/VisARTM

Visualizer for Topic Models built using BigARTM

Primary LanguageHTMLApache License 2.0Apache-2.0

VisARTM

VisARTM is intended to become a successor of tm_navigator, a tool for visualizing and assessing Topic Models primarily built using BigARTM - fast and scalable library for Topic Modelling.

Installation and setup

VisARTM uses Python 3. While VisARTM is likely to work with Python 2, it is not guaranteed.

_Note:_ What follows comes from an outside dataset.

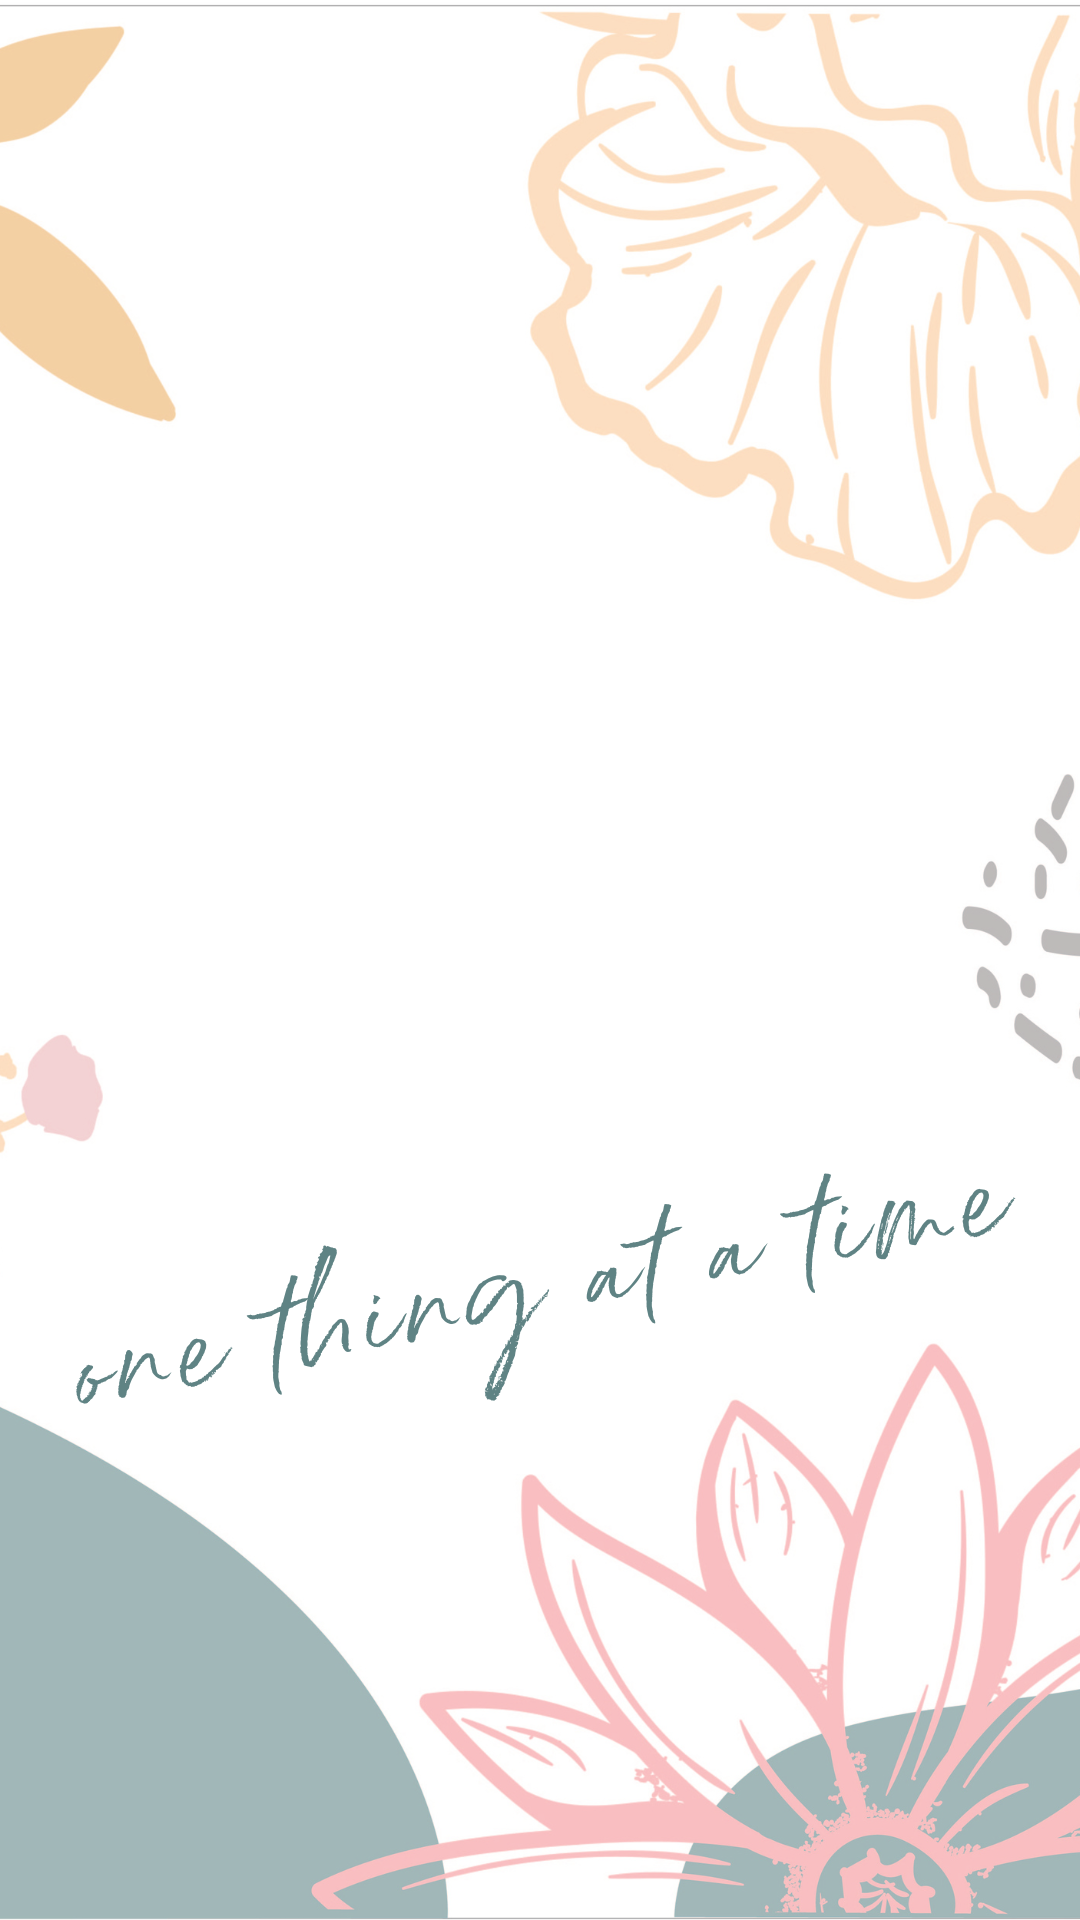 One thing at a time lockscreen
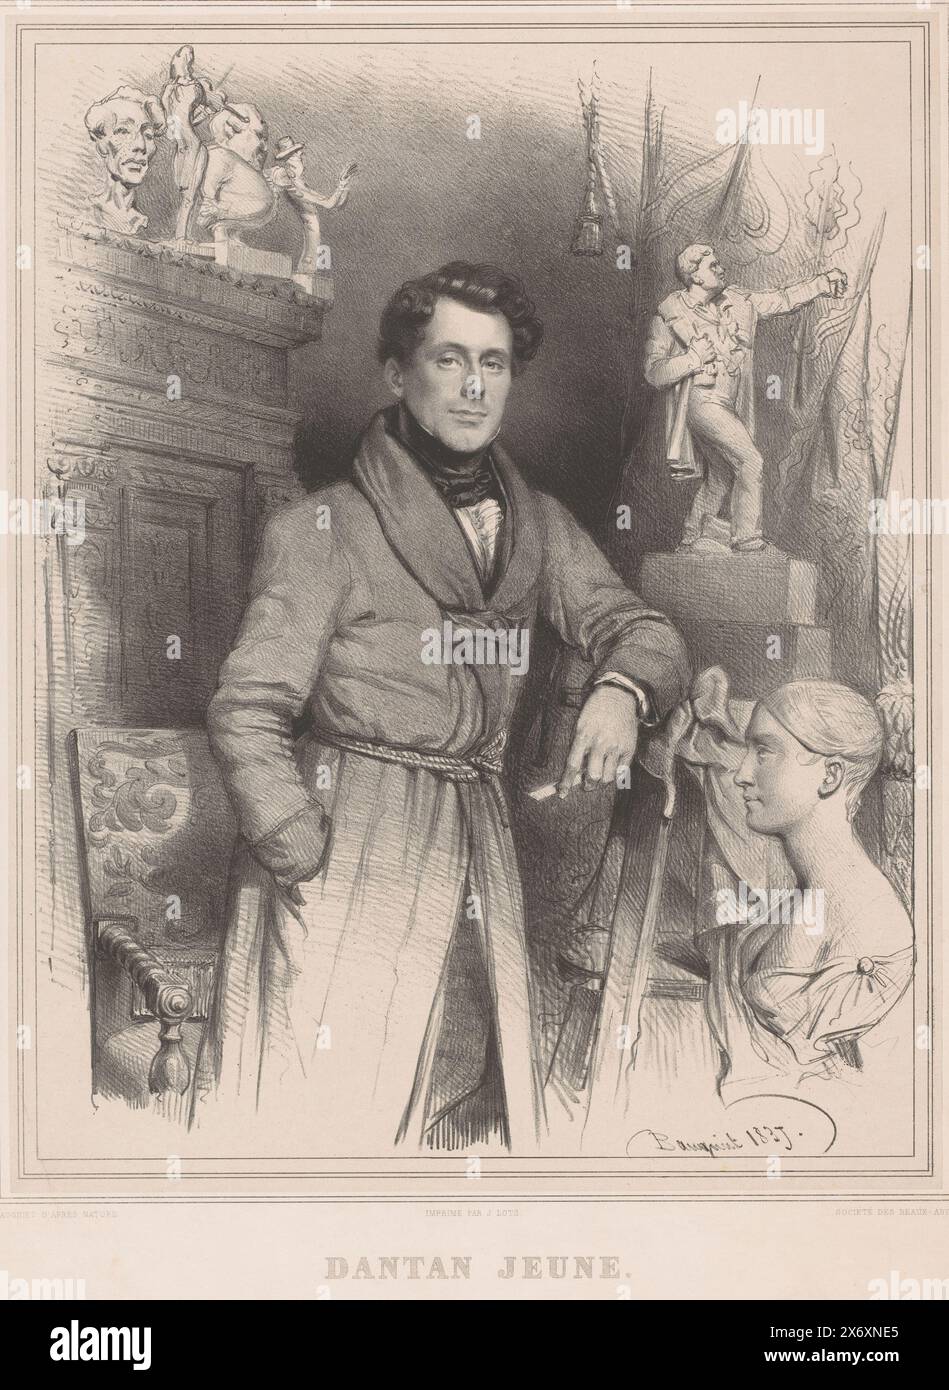 Portrait of Jean-Pierre Dantan, Dantan jeune (title on object), print, print maker: Charles Baugniet, (mentioned on object), after own design by: Charles Baugniet, (mentioned on object), printer: J. Lots, (mentioned on object), Brussels, 1837, paper, height, 552 mm × width, 410 mm Stock Photo

pip install -r requirements.txt before using VisARTM. VisARTM requiers fairly recent flask and flask_sqlalchemy.

Data format in VisARTM

All files required by VisARTM should be provided in .csv format. See columns and sample values for each input file below.

Files related to dataset

document.csv

id abstract content
0 document-0 abstact-0
1 document-1 abstact-1

term.csv

id text
0 milk
1 Python

document_similarity.csv

document_l_id document_r_id similarity
0 1 0.5
0 2 0.2

term_similarity.csv

term_l_id term_r_id similarity
0 1 0.5
0 2 0.6

document_term.csv

document_id term_id count
0 0 100
0 1 0

Files related to topic model

topic.csv

id title probability is_background
0 Topic 0 0.95 1
1 Topic 1 0.2 0

topic_similarity.csv

topic_l_id topic_r_id similarity
0 1 0.22
0 2 0.6

document_topic.csv

document_id topic_id prob_dt prob_td
0 0 0.22 0.6
0 1 0.61 0.3

topic_term.csv

topic_id term_id prob_wt prob_tw
0 0 0.22 0.6
0 1 0.4 0.2

Loading data into VisARTM

To generate some random data and see its visualization use ./setup_sample.py. This script generates some random data, writes everything to data subfolder and adds generated data to VisARTM database.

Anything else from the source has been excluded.